> What you are asked to do
An exact reproduction of the listing is wanted, with the pictures dropped.
**** Data provided ****
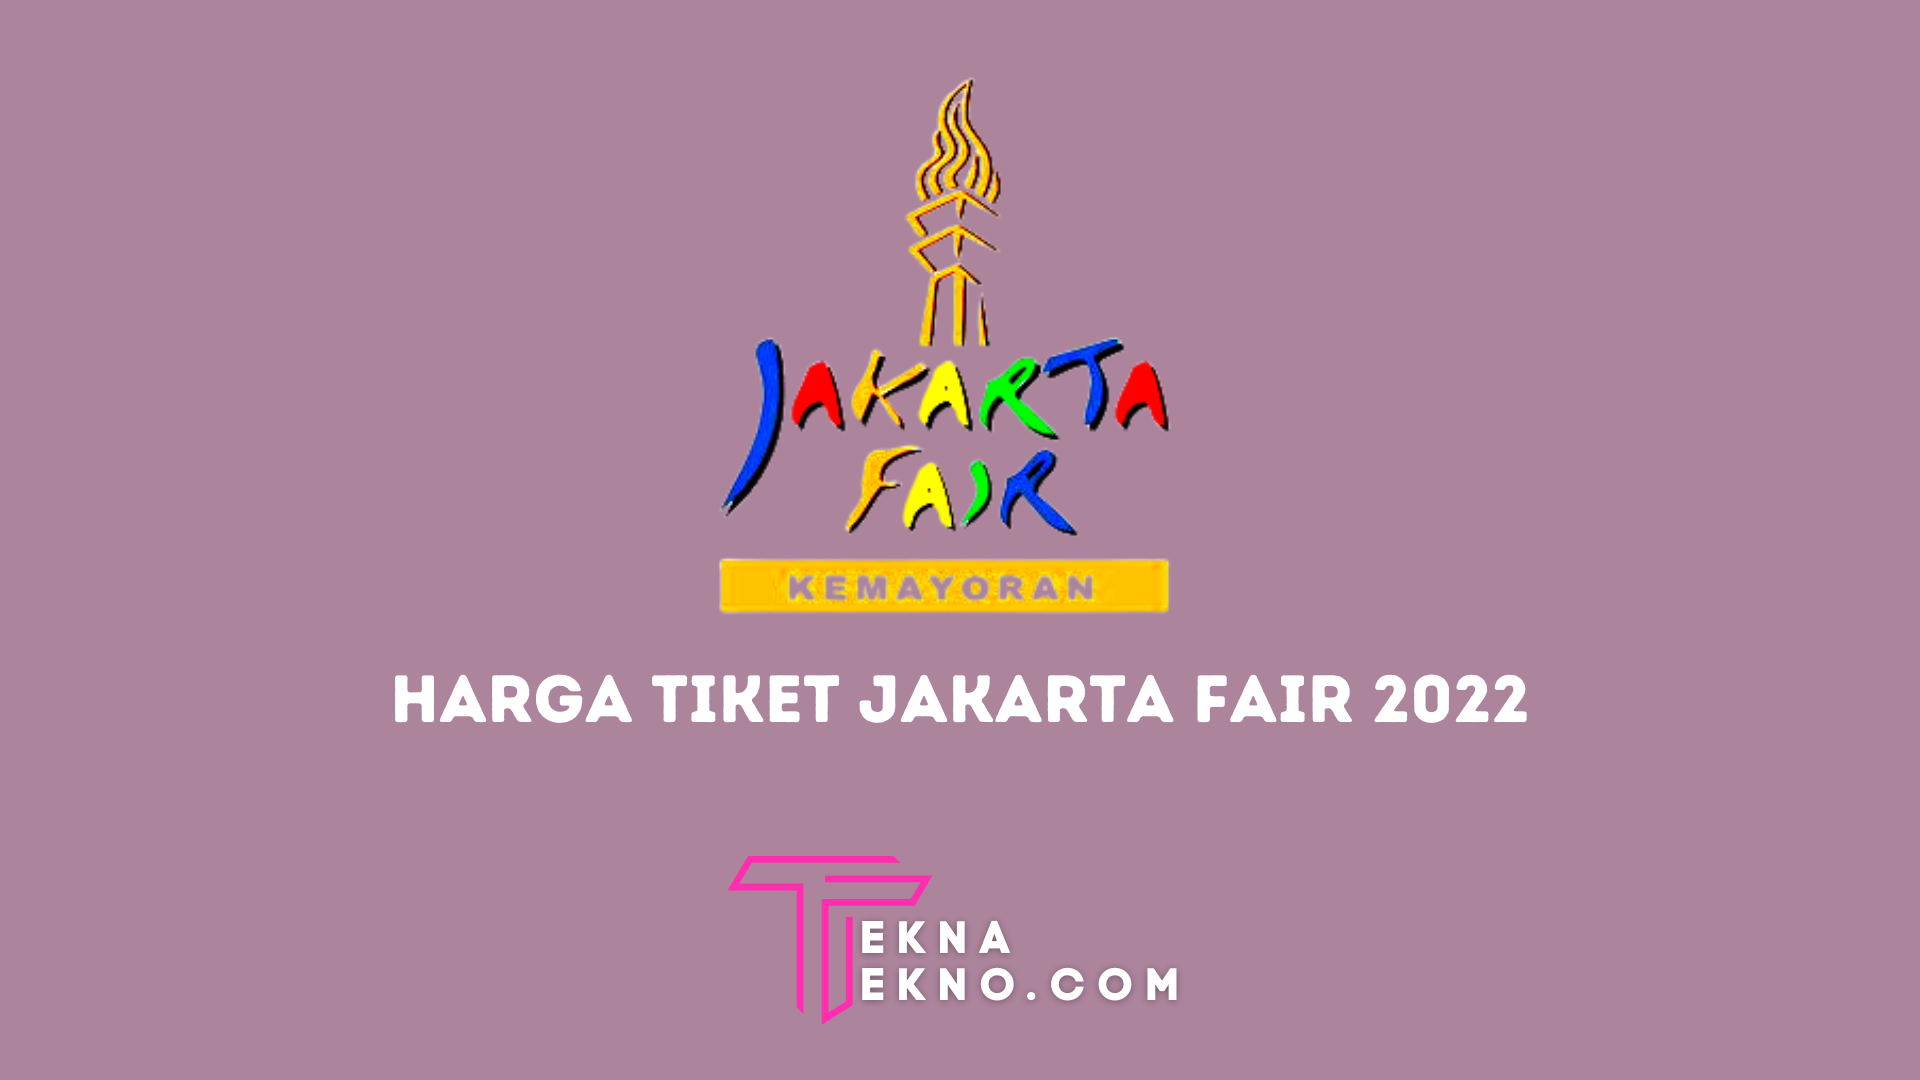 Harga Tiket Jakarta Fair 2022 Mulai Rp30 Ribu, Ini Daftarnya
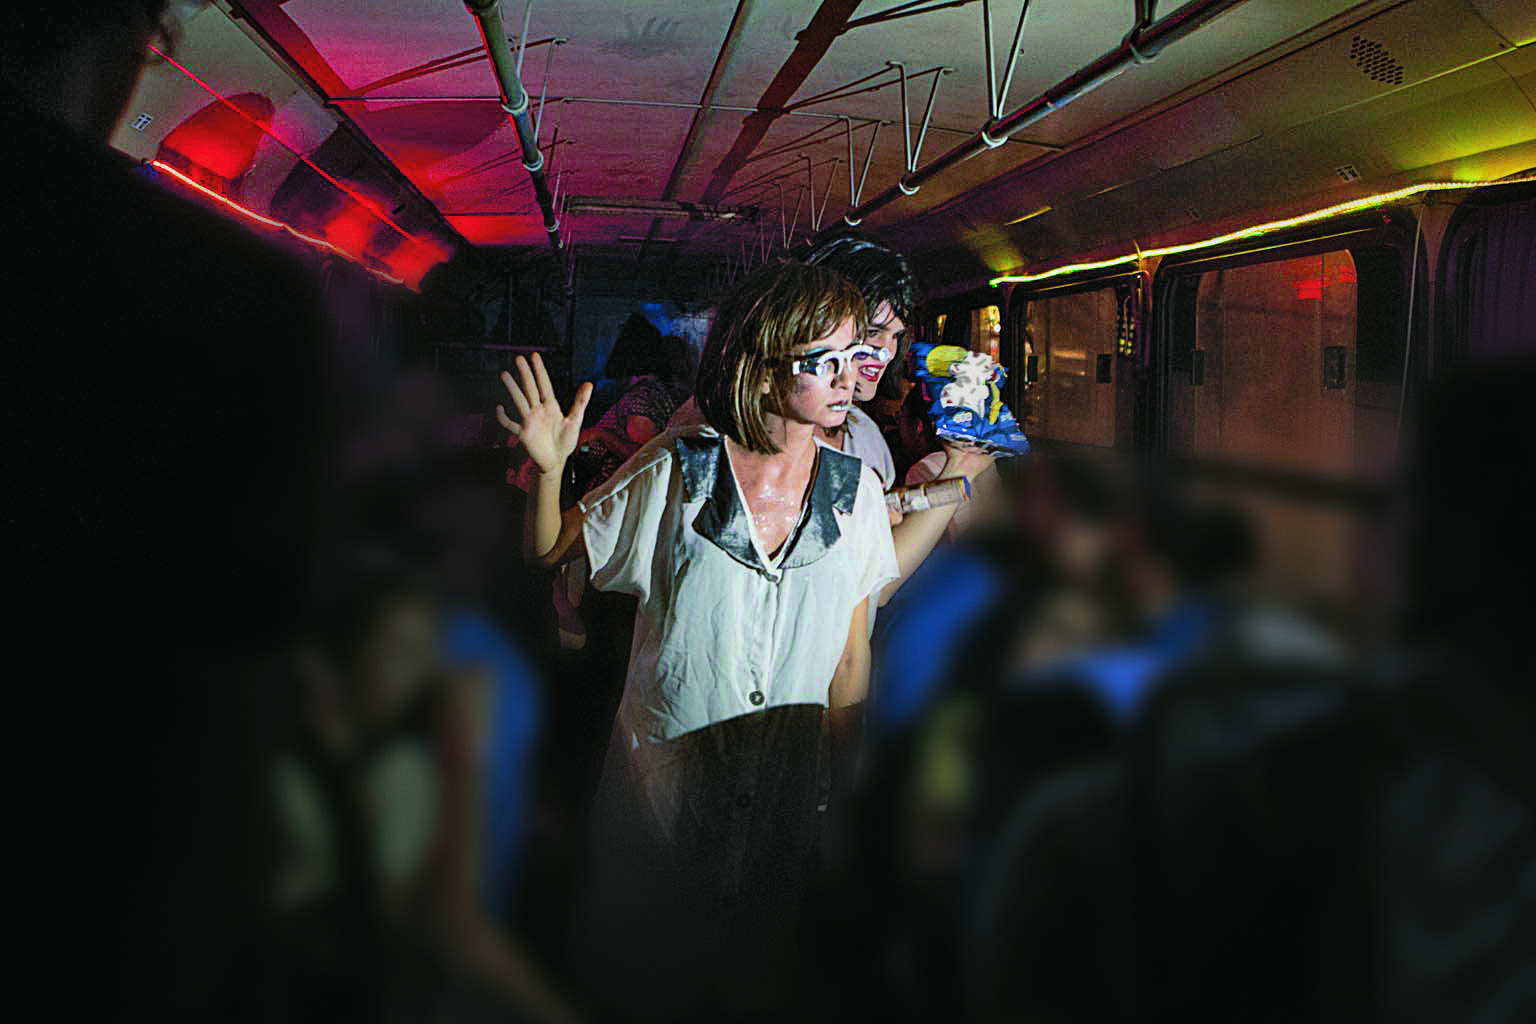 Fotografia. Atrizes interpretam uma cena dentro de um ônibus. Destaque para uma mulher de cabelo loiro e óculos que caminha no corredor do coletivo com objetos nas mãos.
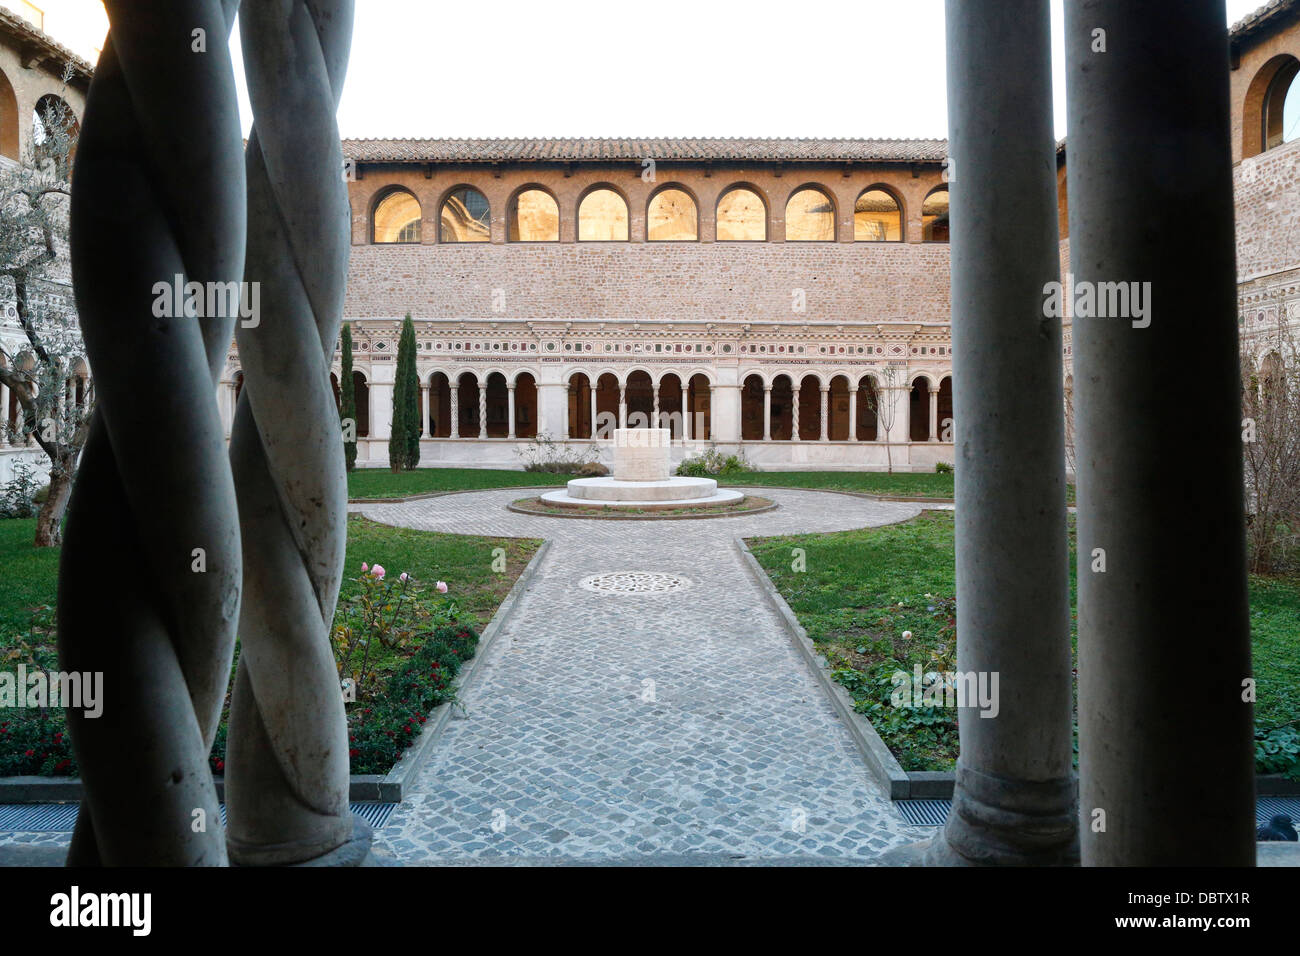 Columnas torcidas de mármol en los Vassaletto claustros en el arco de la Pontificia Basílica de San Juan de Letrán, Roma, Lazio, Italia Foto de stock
****
> Written response
 Harga Tiket Jakarta Fair 2022 Mulai Rp30 Ribu, Ini Daftarnya
 Fotografia. Atrizes interpretam uma cena dentro de um ônibus. Destaque para uma mulher de cabelo loiro e óculos que caminha no corredor do coletivo com objetos nas mãos.
 Columnas torcidas de mármol en los Vassaletto claustros en el arco de la Pontificia Basílica de San Juan de Letrán, Roma, Lazio, Italia Foto de stock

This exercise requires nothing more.